Although business is booming in the oil field, we don’t seem to care-at least not like we used to.
By D Magazine |

For Dallas, it’s the great-est story ever told, in 1930, black gold sprang from the gutted ground of East Texas, enriching the city as well as a breed of barons for generations.

Five decades later, another oil story was written-this one with a bleak ending. In 1981, the average price of a barrel shot up to a whopping $31.75, and many thought it would continue to rise to $80. “You saw a lot of flashy, excessive fortunes made then,” says Terry Smith, an operator at Ozark Exploration Inc. of Dallas. “It was a very visible and romantic business.”

Until the inevitable bust. In July 1986, the price of oil sank to $9 a barrel. InterFirst and Republic banks merged, then failed, and officially, Dallas | slumped into a depression.

This year, the price of oil in the fourth quarter will average between $23.50 and $24 a barrel. According to Jim Wicklund, an analyst at Rauscher Pierce Refsnes Inc. of Dallas, that price is the equivalent of $35 a barrel in 1986, and that alone is enough reason to talk boom times.

’The oil industry is certainly the healthiest it’s been in years,” says Ray Perryman of the Perryman Group.

So why isn’t everyone celebrating? Dallas’ now-diverse economy-with 90 percent of its industry classified as “non-oil”-actually improves when the price of oil falls, according to Perryman. “In Dallas, we’re counter to the oil cycle,” he explains. “Everything does well when the price of oil is low.”

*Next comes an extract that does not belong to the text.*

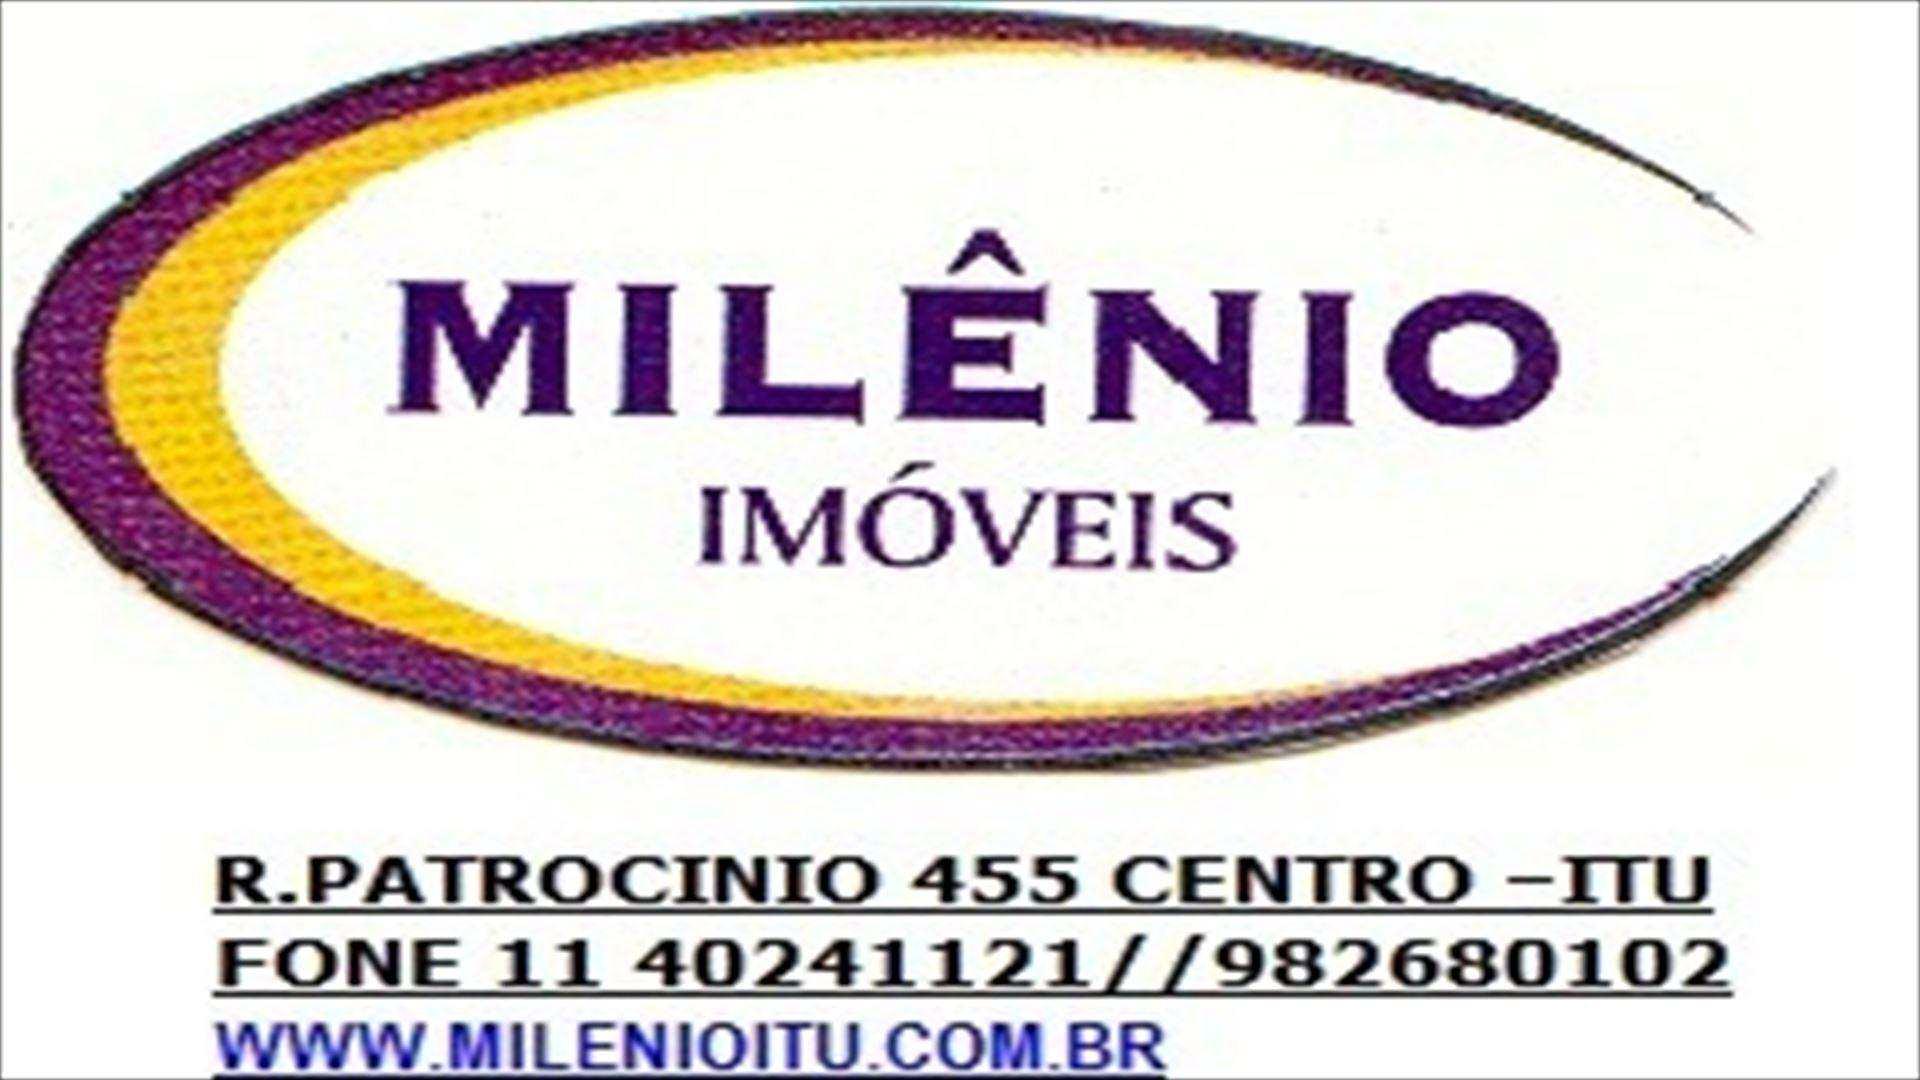 185700-LOGO_TIPO_MILENIO1.jpg
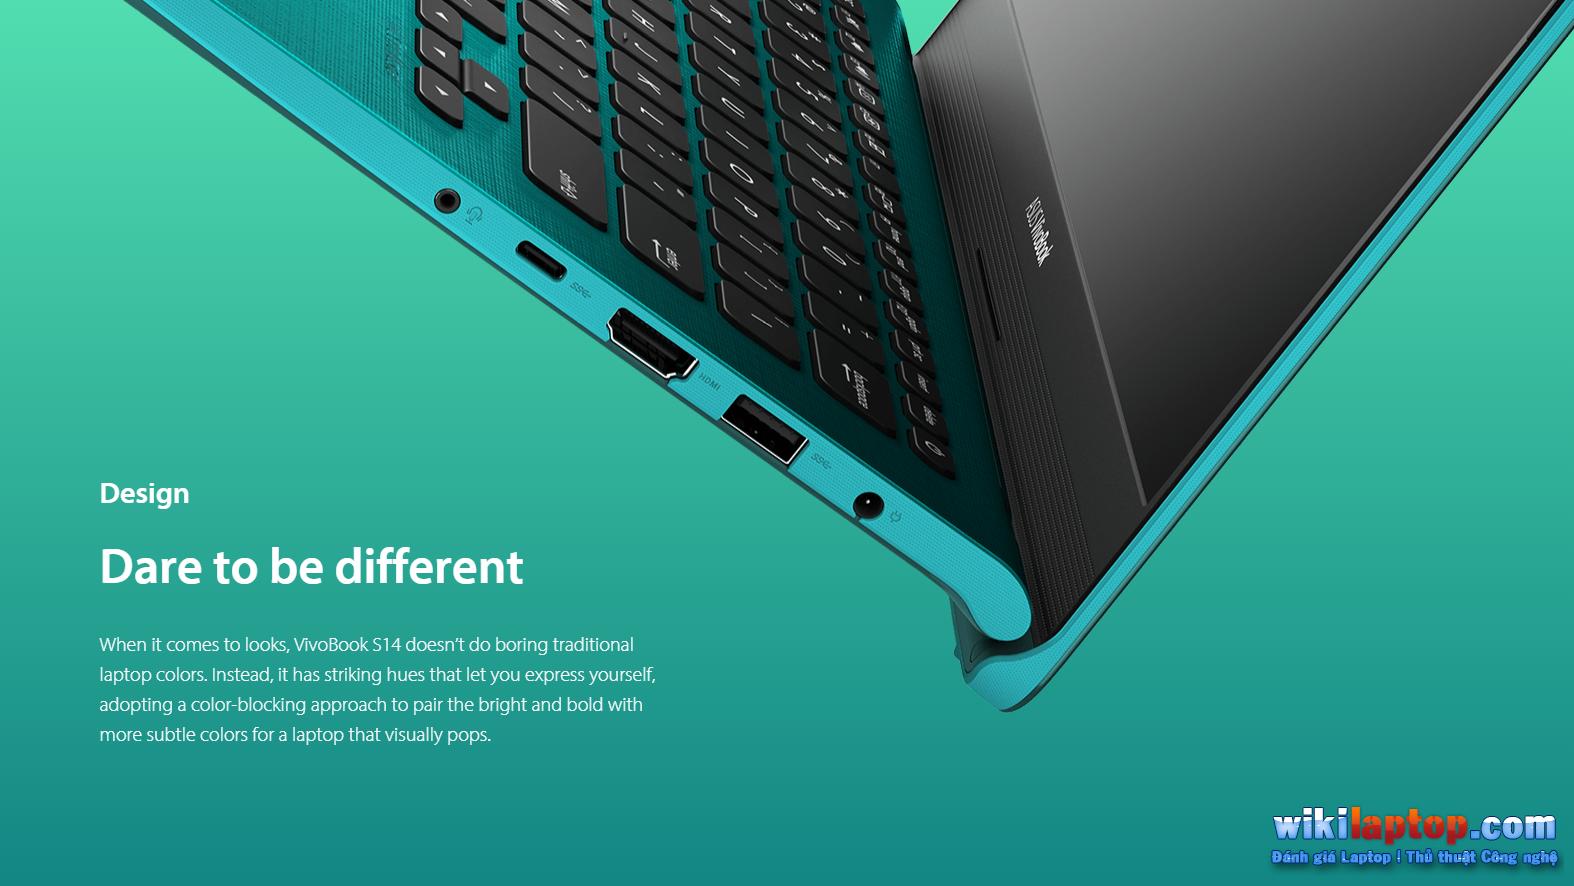 Sforum - Trang thông tin công nghệ mới nhất vivobooks14-3 Sẽ thật thiếu sót nếu bạn không chọn chiếc laptop này với giá 13 triệu đồng !!!

“Everything” refers to the thickest slices of Dallas’ current economic pie. which includes communications, manufacturing and the giant service industries like healthcare that need to purchase energy and therefore prosper when oil is cheaper. “Dallas has much more at stake in how the world develops its telephone operations than a $4 or $5 swing in the price of oil.” says Perryman.

Similarly, the energy industry does not play the influential role in the Texas economy it once did. According to Gary Preuss, an economist in the State Comptroller’s office, oil and gas represented 25 percent of Texas’ economy in 1981; now that portion is closer to 10 percent. The Federal Reserve Bank of Dallas confirms that in 1982, about 25,000 people were employed in Dallas’ mineral extraction industries. That number has since dwindled to about 11,000, or 0.6 percent of Dallas’ employment pool.

“Dallas is surely not as

dependent on oil as it used to be.” says Smith-over the whinings of J.R. Ewing’s final temper tantrum. “Although we are active, it just doesn’t affect Dallas the way it used to.”